RECORDED INFORMATION
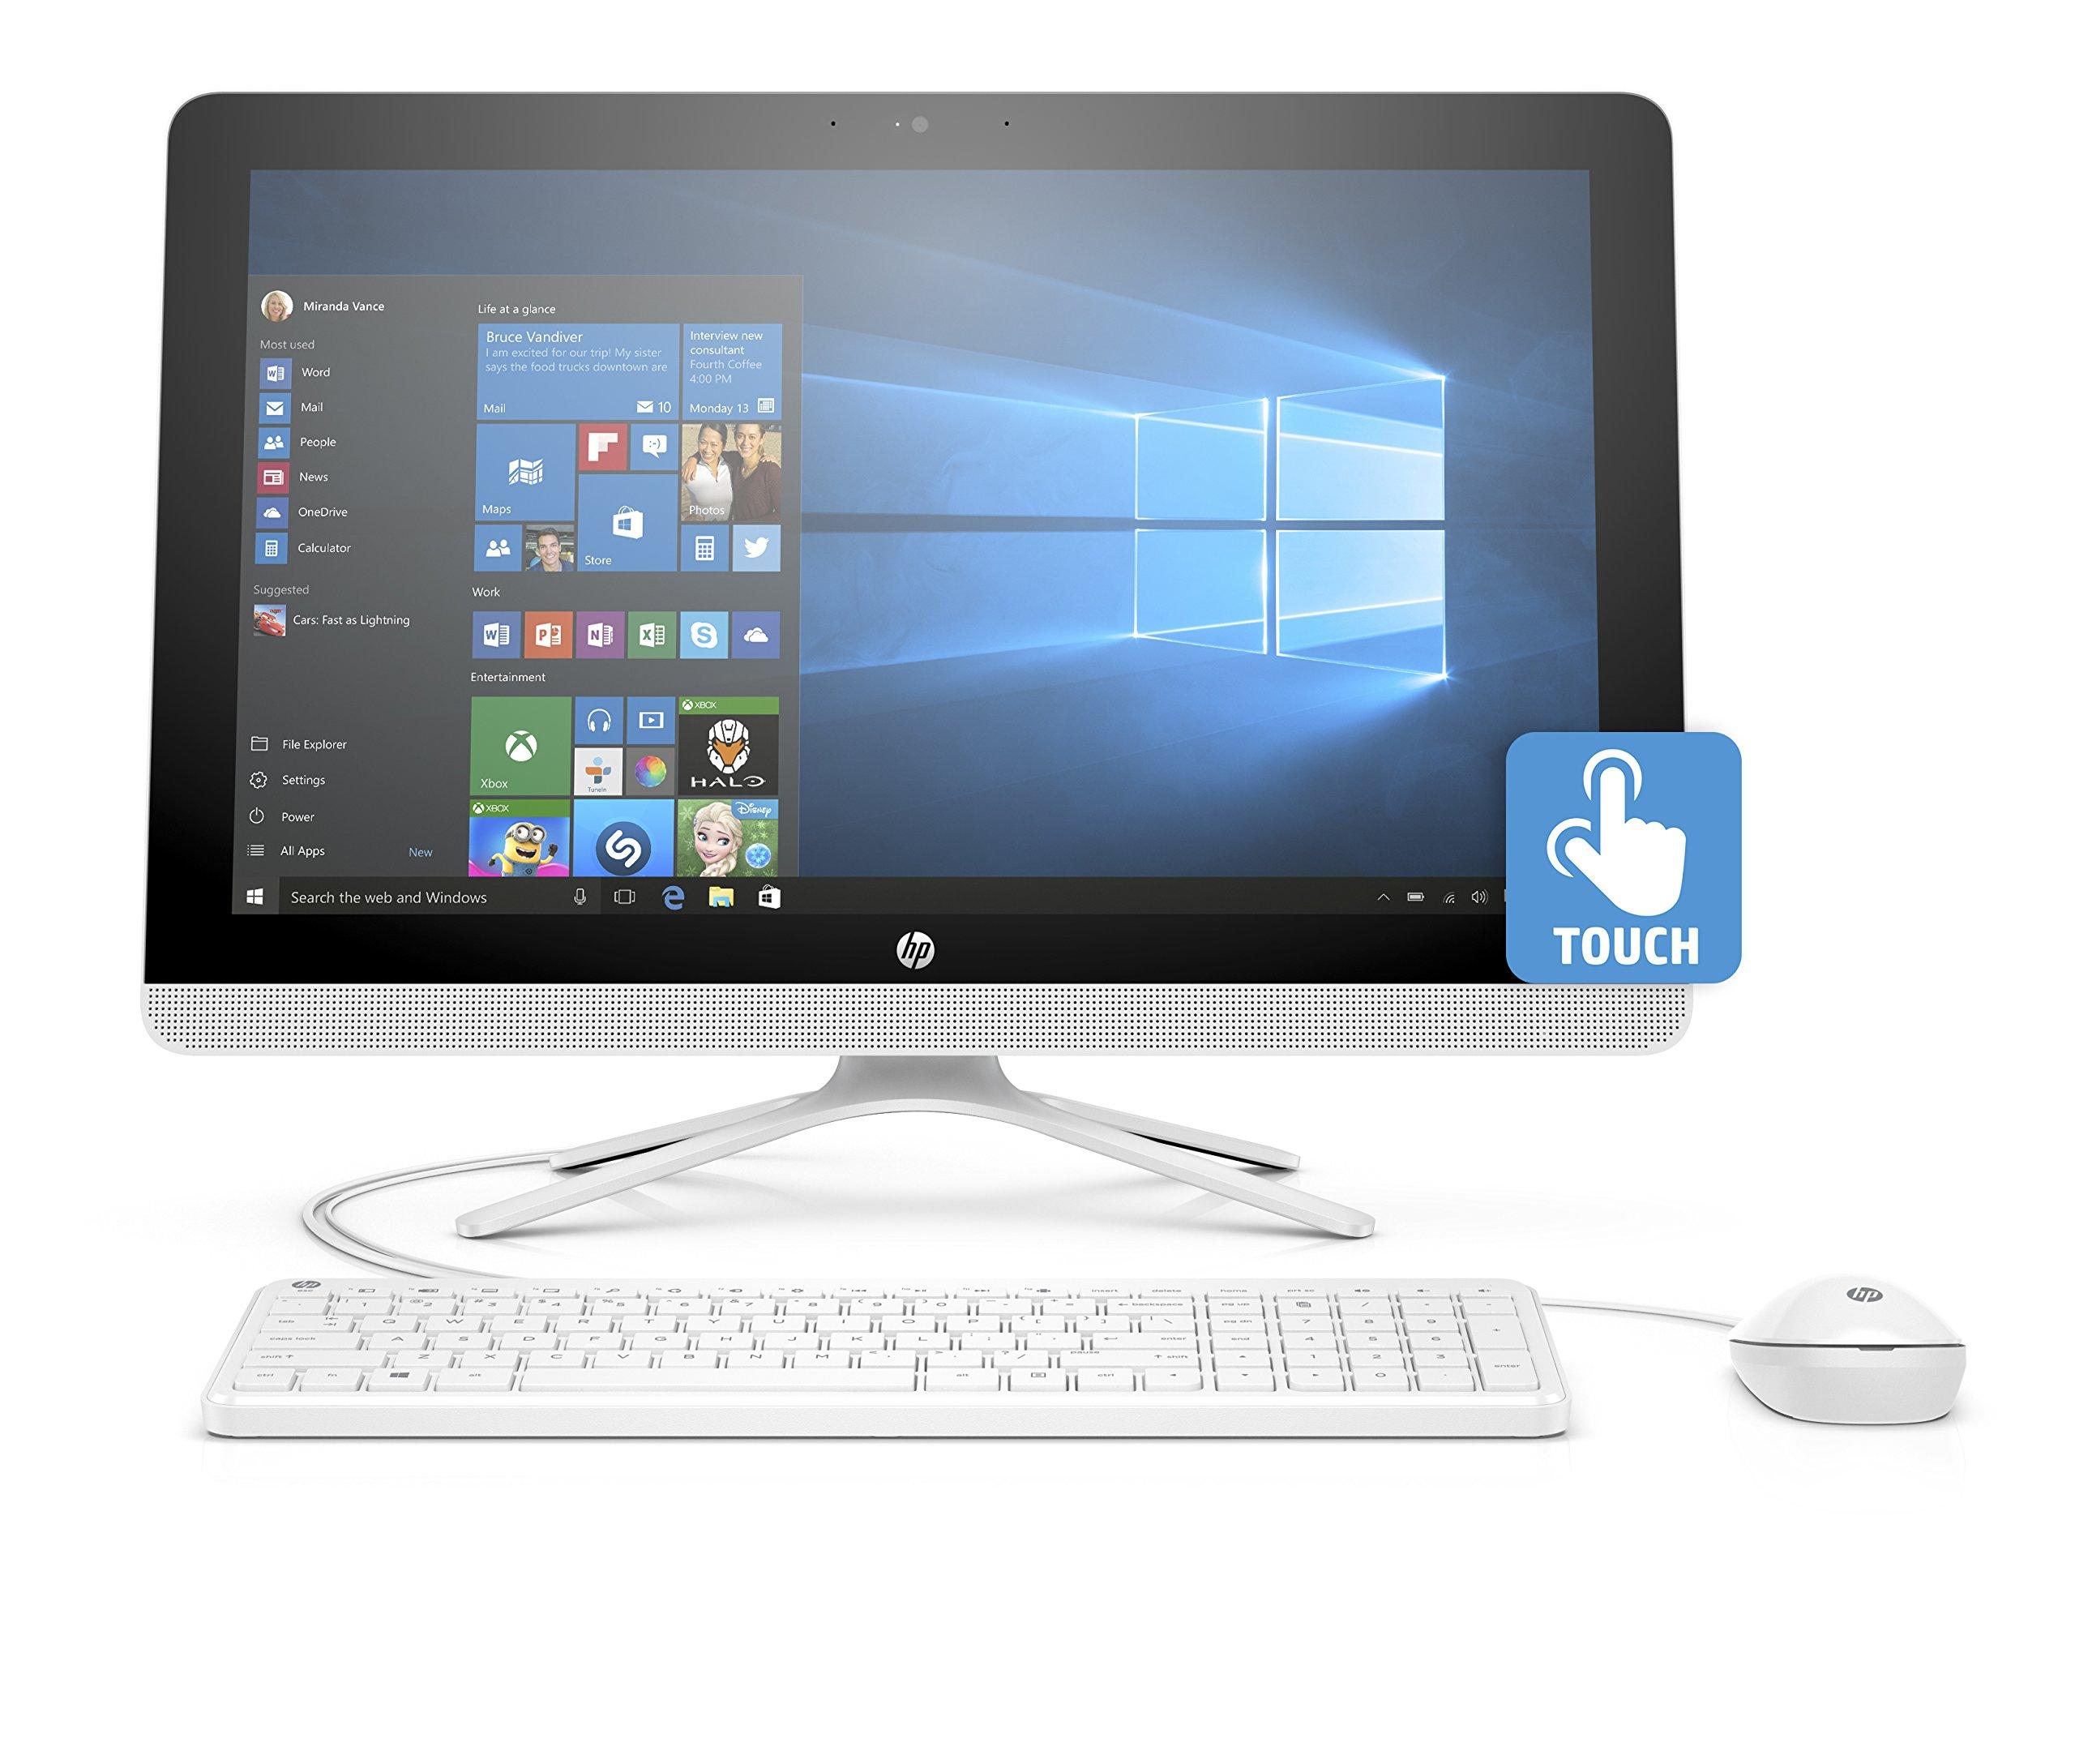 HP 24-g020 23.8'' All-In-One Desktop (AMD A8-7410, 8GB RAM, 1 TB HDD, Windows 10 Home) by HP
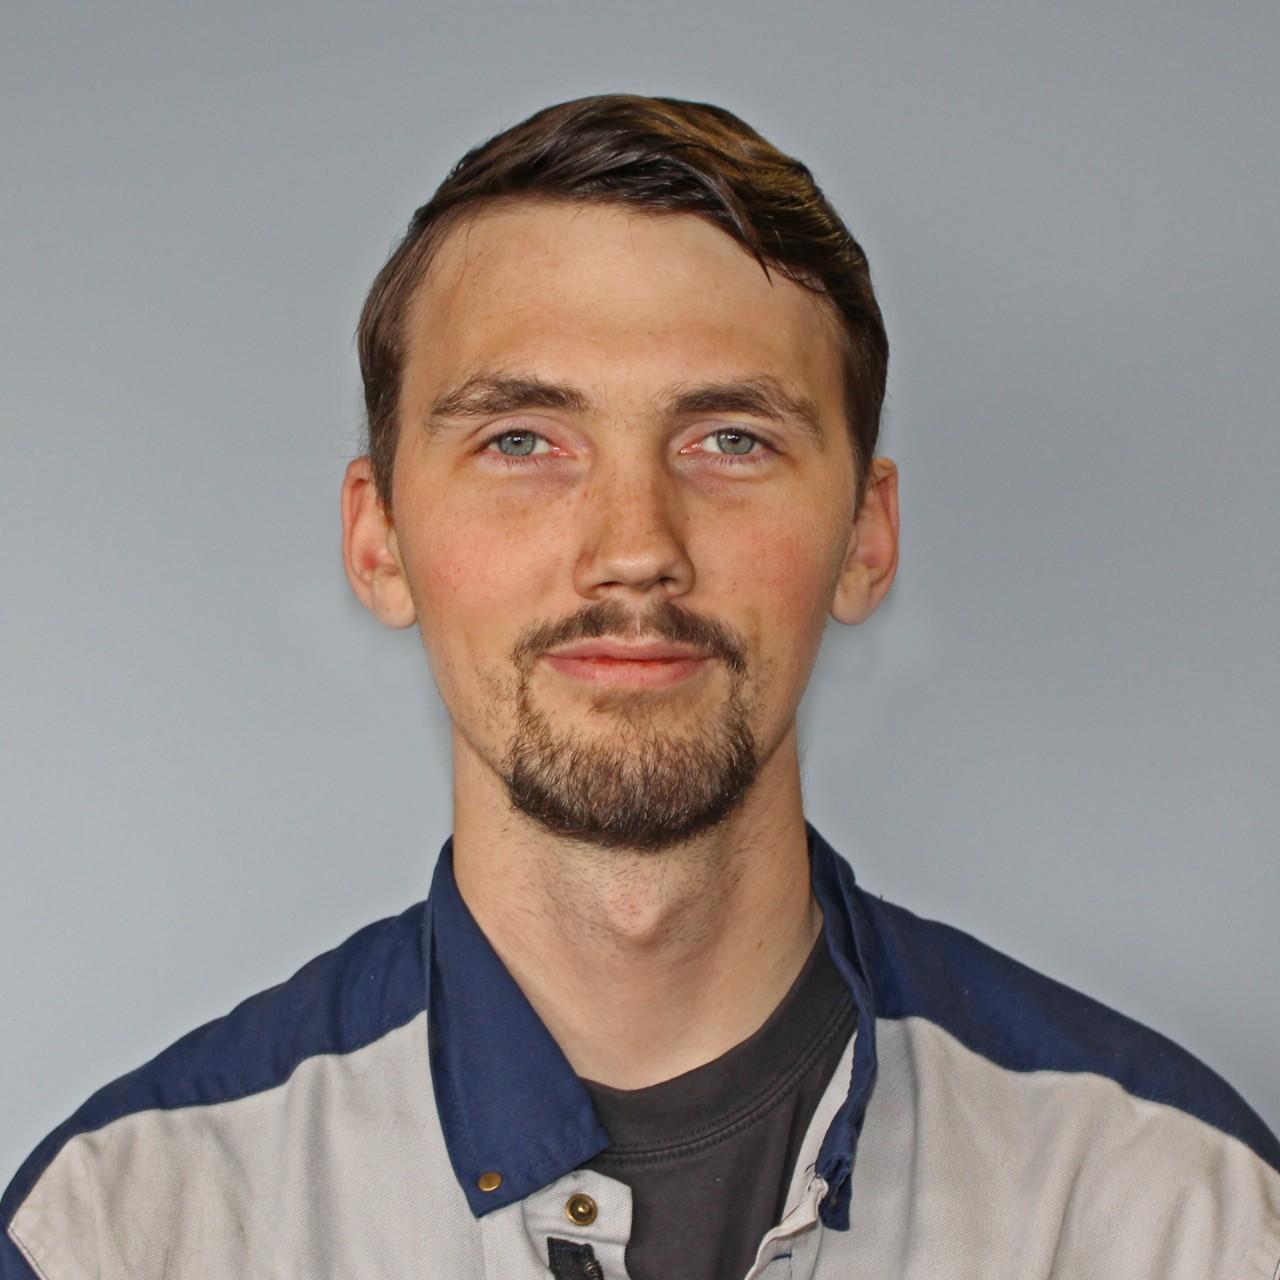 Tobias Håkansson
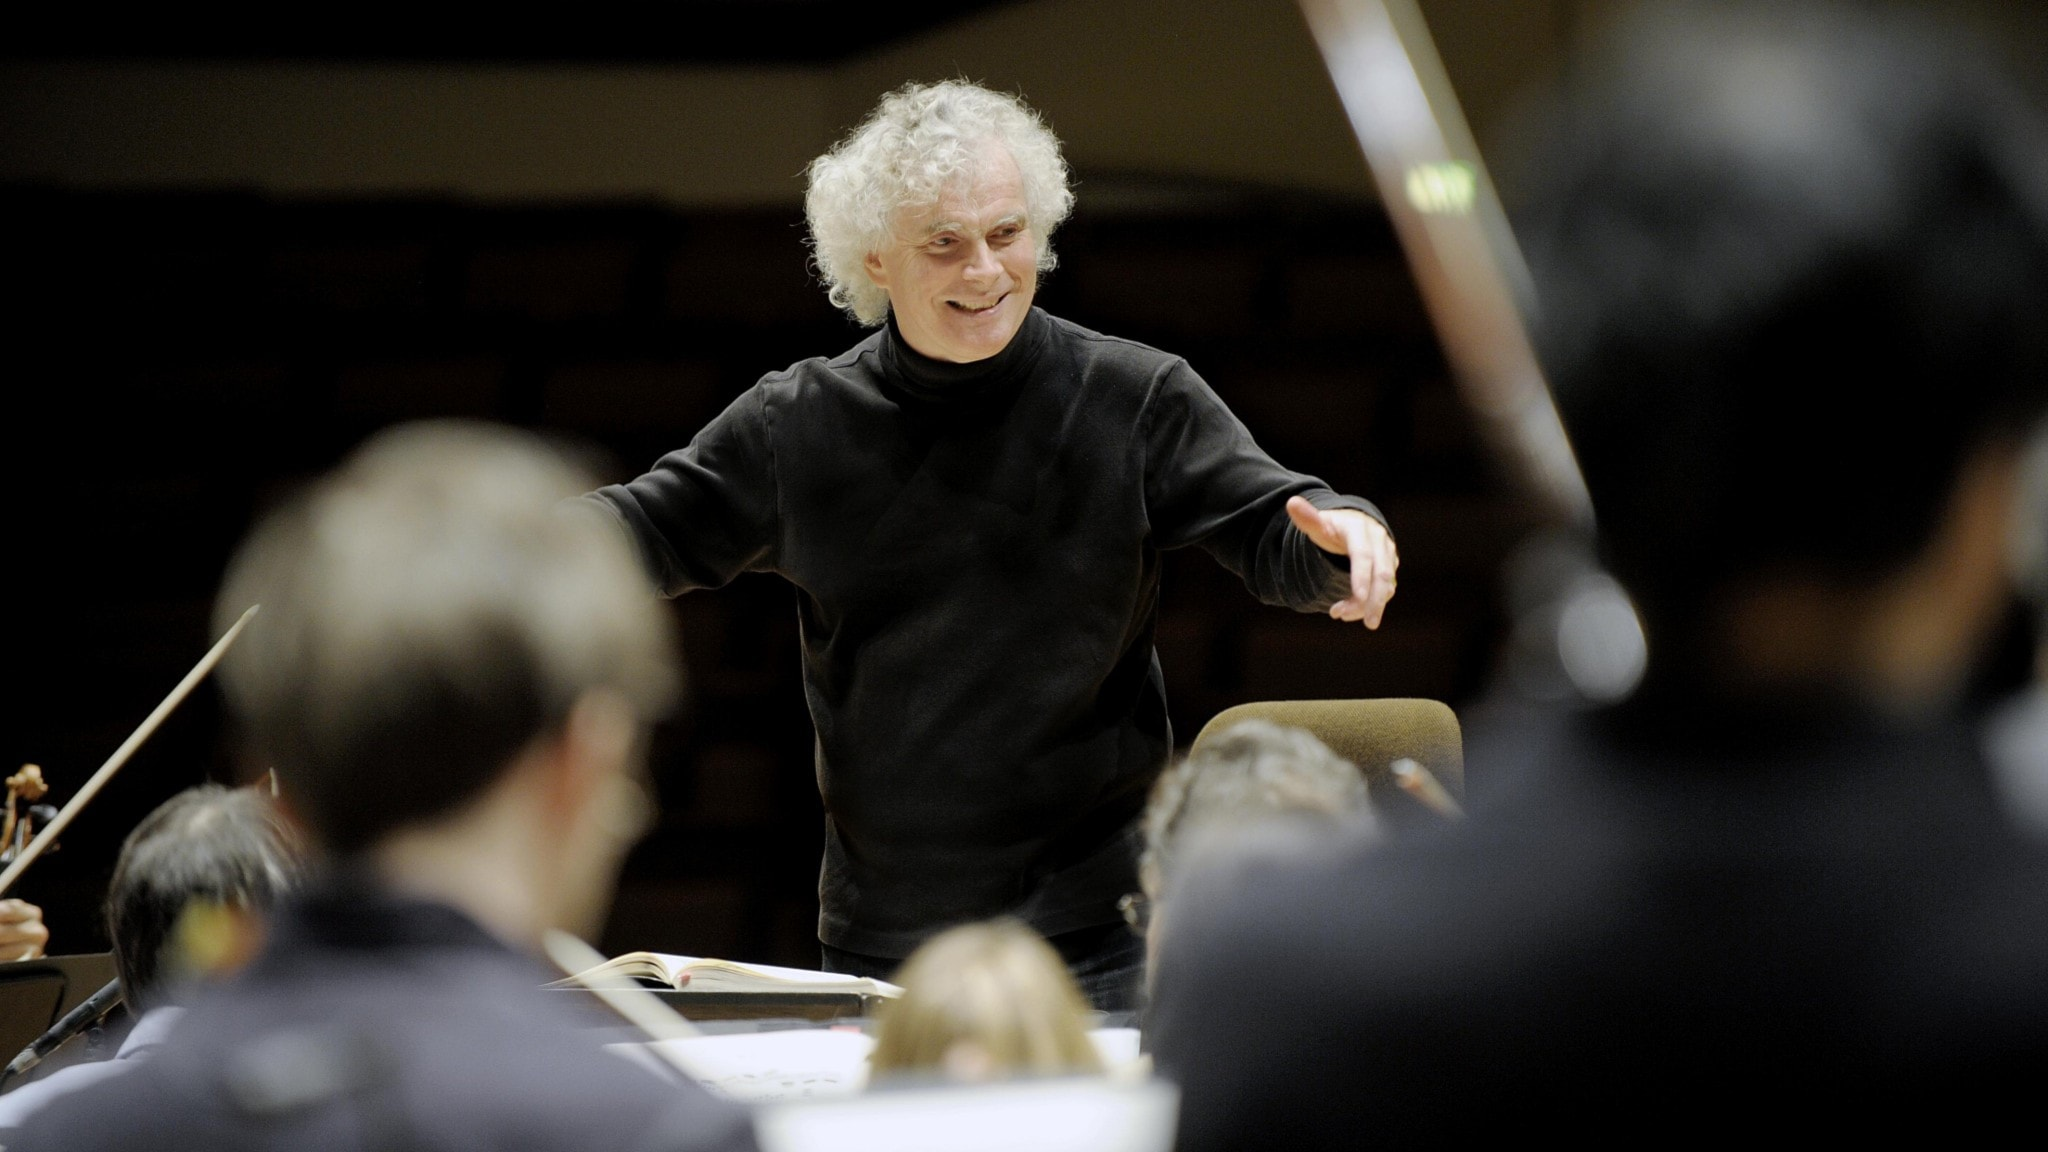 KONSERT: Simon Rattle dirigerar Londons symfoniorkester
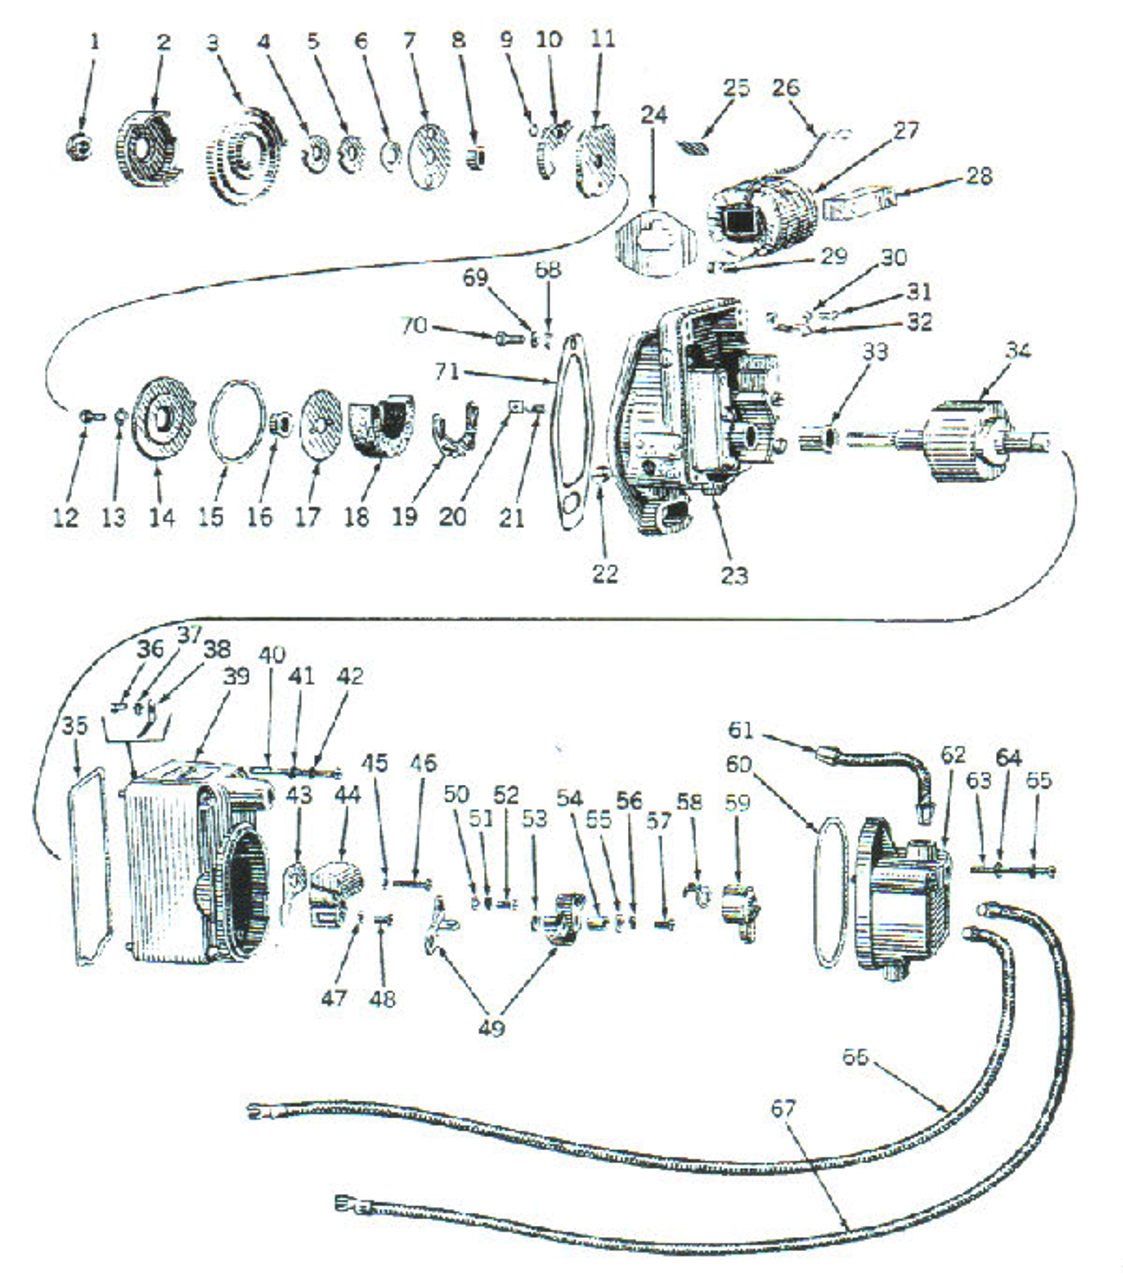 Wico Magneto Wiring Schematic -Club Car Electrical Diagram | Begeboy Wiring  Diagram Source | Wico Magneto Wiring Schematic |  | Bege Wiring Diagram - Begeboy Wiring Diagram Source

WHAT TO DO
Without changing a word, restate the listing above; the pictures stay out.

ANSWER SECTION
 HP 24-g020 23.8'' All-In-One Desktop (AMD A8-7410, 8GB RAM, 1 TB HDD, Windows 10 Home) by HP
 Tobias Håkansson
 KONSERT: Simon Rattle dirigerar Londons symfoniorkester
 Wico Magneto Wiring Schematic -Club Car Electrical Diagram | Begeboy Wiring  Diagram Source | Wico Magneto Wiring Schematic |  | Bege Wiring Diagram - Begeboy Wiring Diagram Source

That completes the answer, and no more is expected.